From reading the text, it is unclear to me whether the authors have (1) incorrectly determined the fluxes of CO2 and H2O, or simply (2) incorrectly described the methodology that they applied. I suspect the former, based on the comment below regarding the text at line 479. In any event, the paper requires major revision to clarify these points, and possibly to modify both the eddy covariance methodology and also the assessment of its errors and sensitivity to environmental parameters. I also believe that the presentation of the data could be improved significantly as described below.
82 - As the authors note "The EC method is a well-developed technology for directly measuring vertical turbulent flux...". Decades of experience that has shown that the covariances between the vertical wind and the densities of CO2 (ρc) and H2O (ρv) - measured directly by the EC150 - do not define the turbulent fluxes of these gases, as the authors seem to believe (lines 250-251). This is because fluctuations in these variables are predominantly caused by temperature fluctuations (due to heat exchange), and ρc also fluctuates because of varying humidity (due to evaporation). See comment regarding line 269 below.

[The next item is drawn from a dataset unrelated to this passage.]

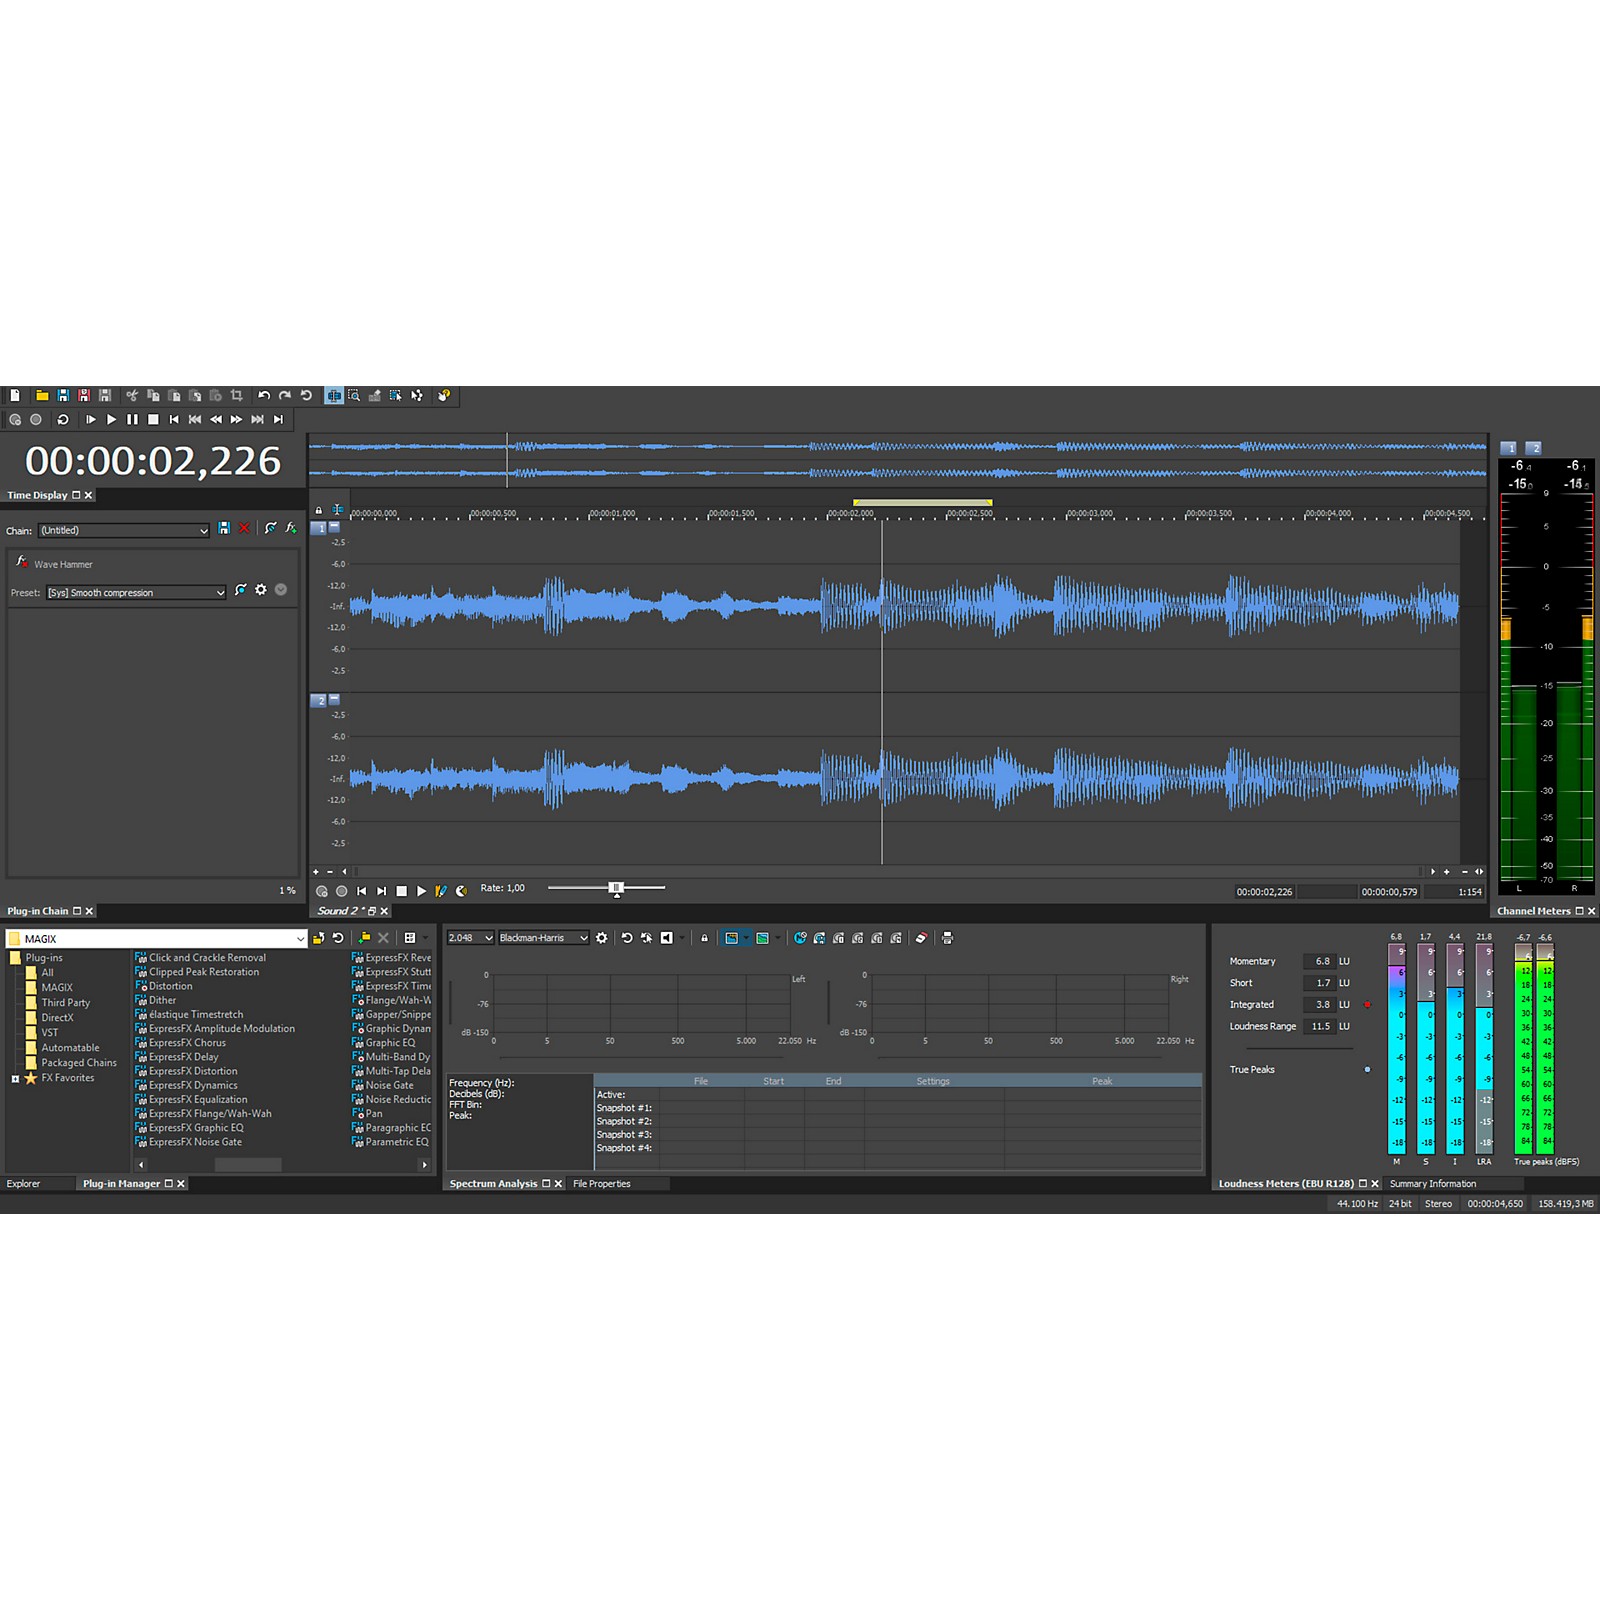 download the new MAGIX SOUND FORGE Pro Suite 17.0.2.109

162 - The choice of the Bohai Sea as the place for the in-flight calibration campaign is quite unfortunate. Its waters are cool, particularly relative to continental temperatures in September, and therefore the magnitude and spectra of the temperature fluctuations that tend to dominate fluctuations in ρc and ρv are not representative of what might be encountered in many other environments. Indeed, the authors note that stable atmospheric conditions prevailed during the campaign (lines 174-175), implying that turbulence is supressed during this assessment of the ability to measure turbulent fluxes. If this limitation cannot be removed from the analysis, it should at least be noted.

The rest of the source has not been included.